--- What the task asks ---
From the line with "KOMPAKT retail bin" to the line with "Job Description for", retype each line exactly as it stands in the records below, but skip the pictures.

--- Provided information ---
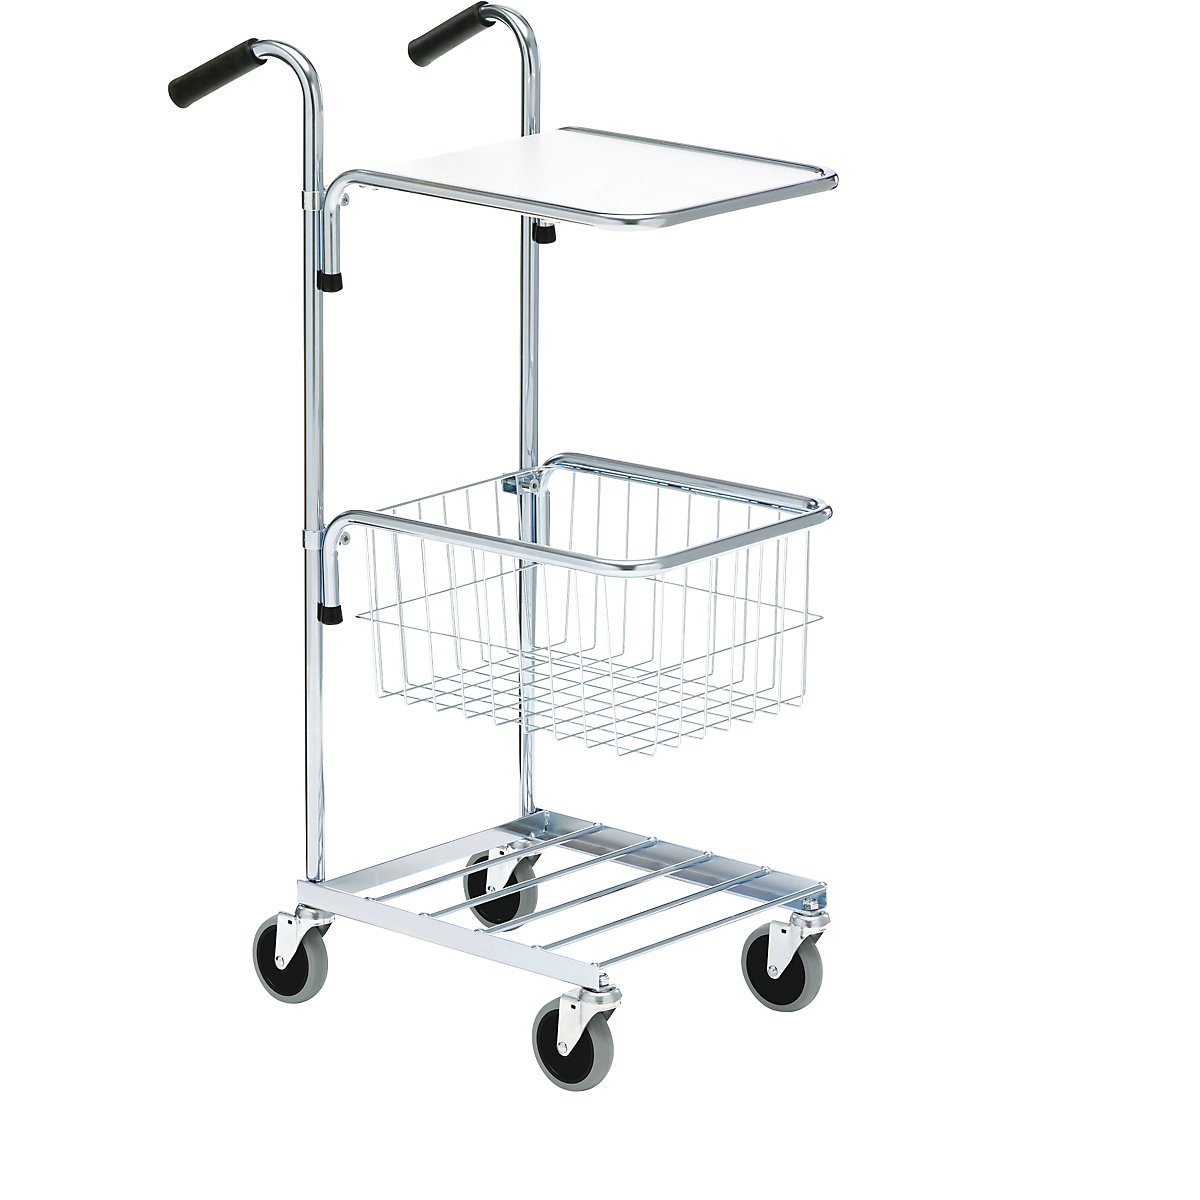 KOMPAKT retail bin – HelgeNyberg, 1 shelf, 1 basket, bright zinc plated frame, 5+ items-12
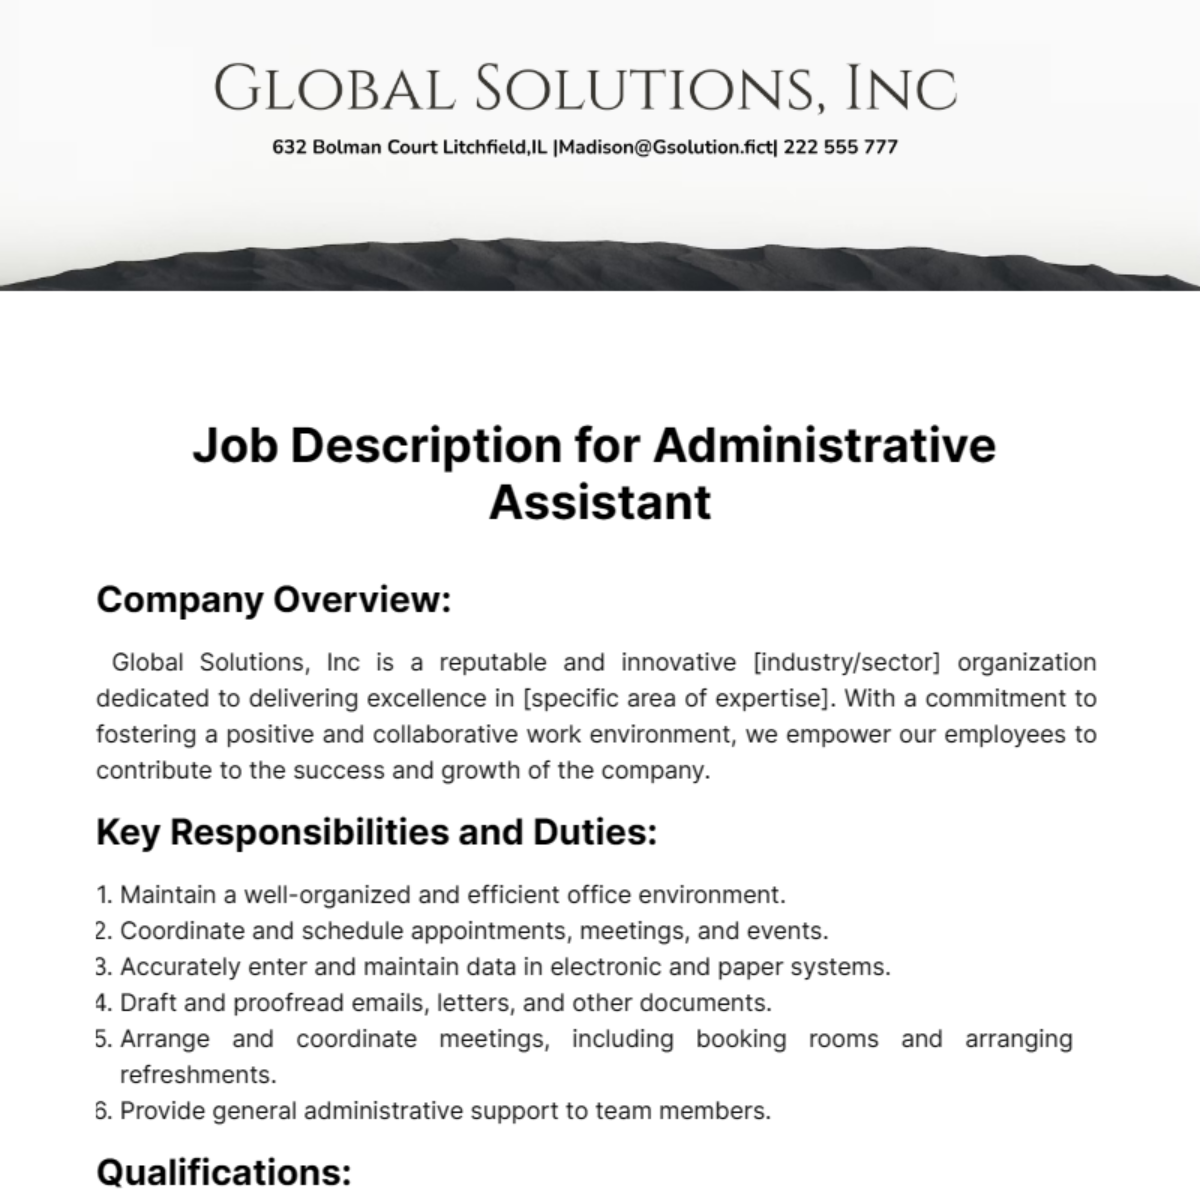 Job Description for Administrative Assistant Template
* * *
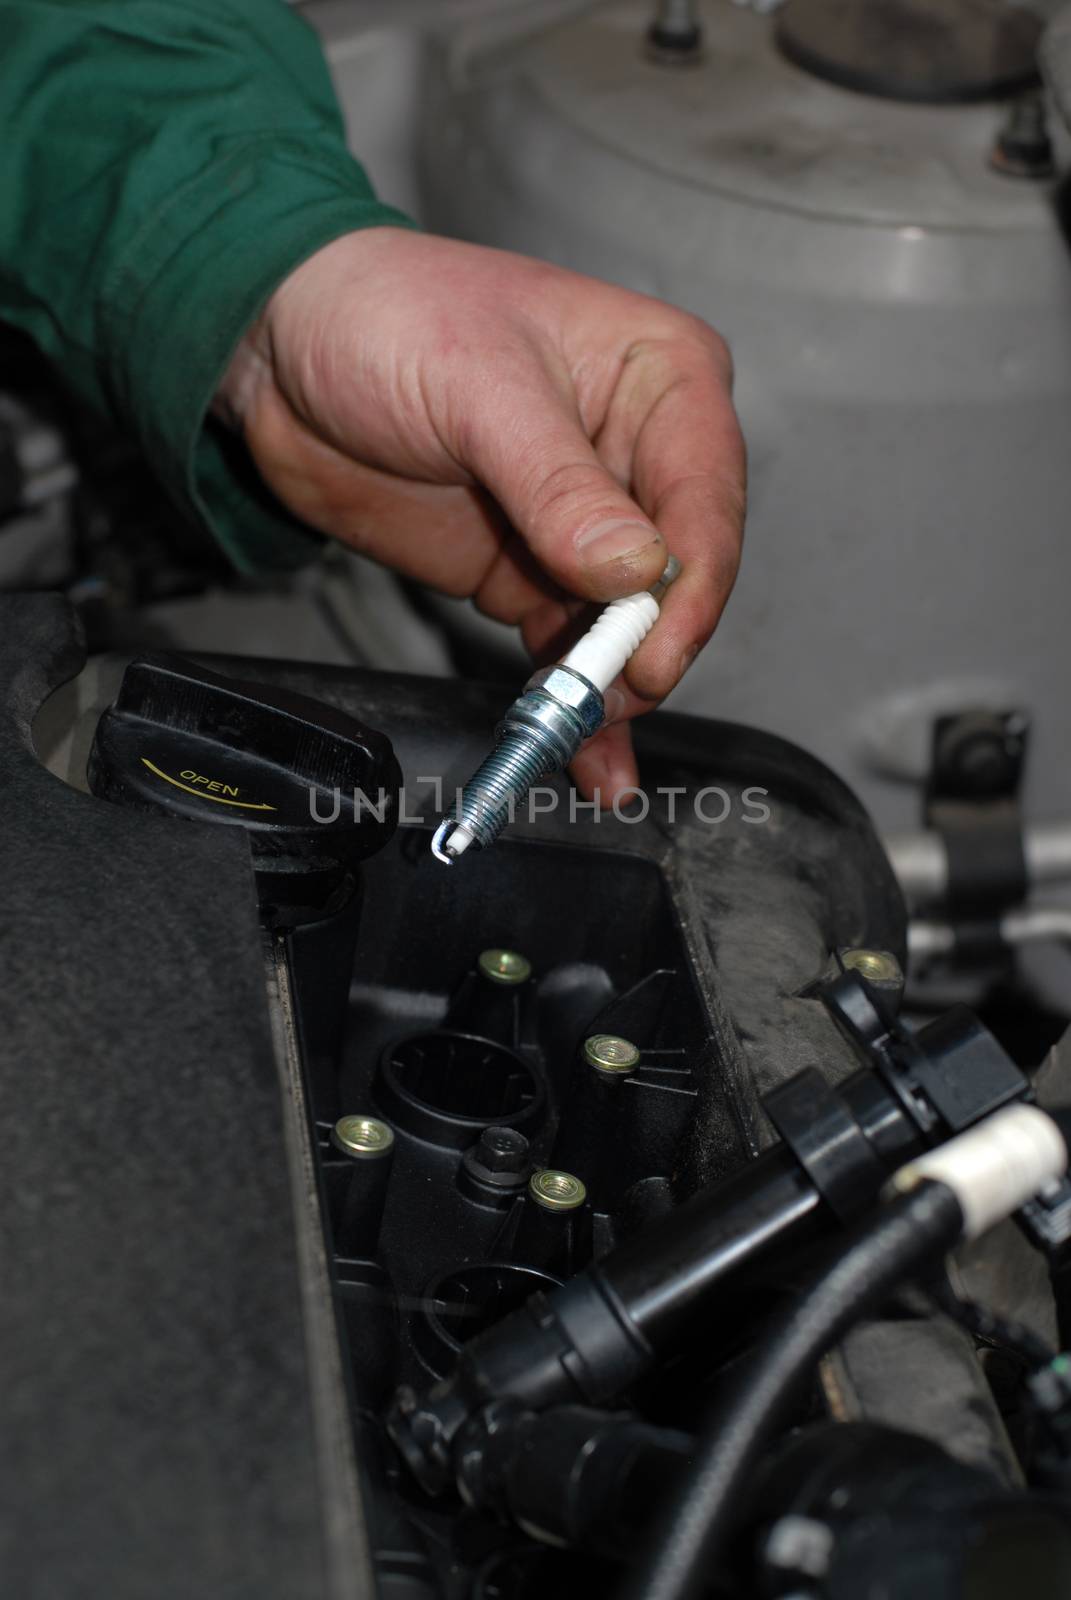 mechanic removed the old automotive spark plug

--- Answer space ---
 KOMPAKT retail bin – HelgeNyberg, 1 shelf, 1 basket, bright zinc plated frame, 5+ items-12
 Job Description for Administrative Assistant Template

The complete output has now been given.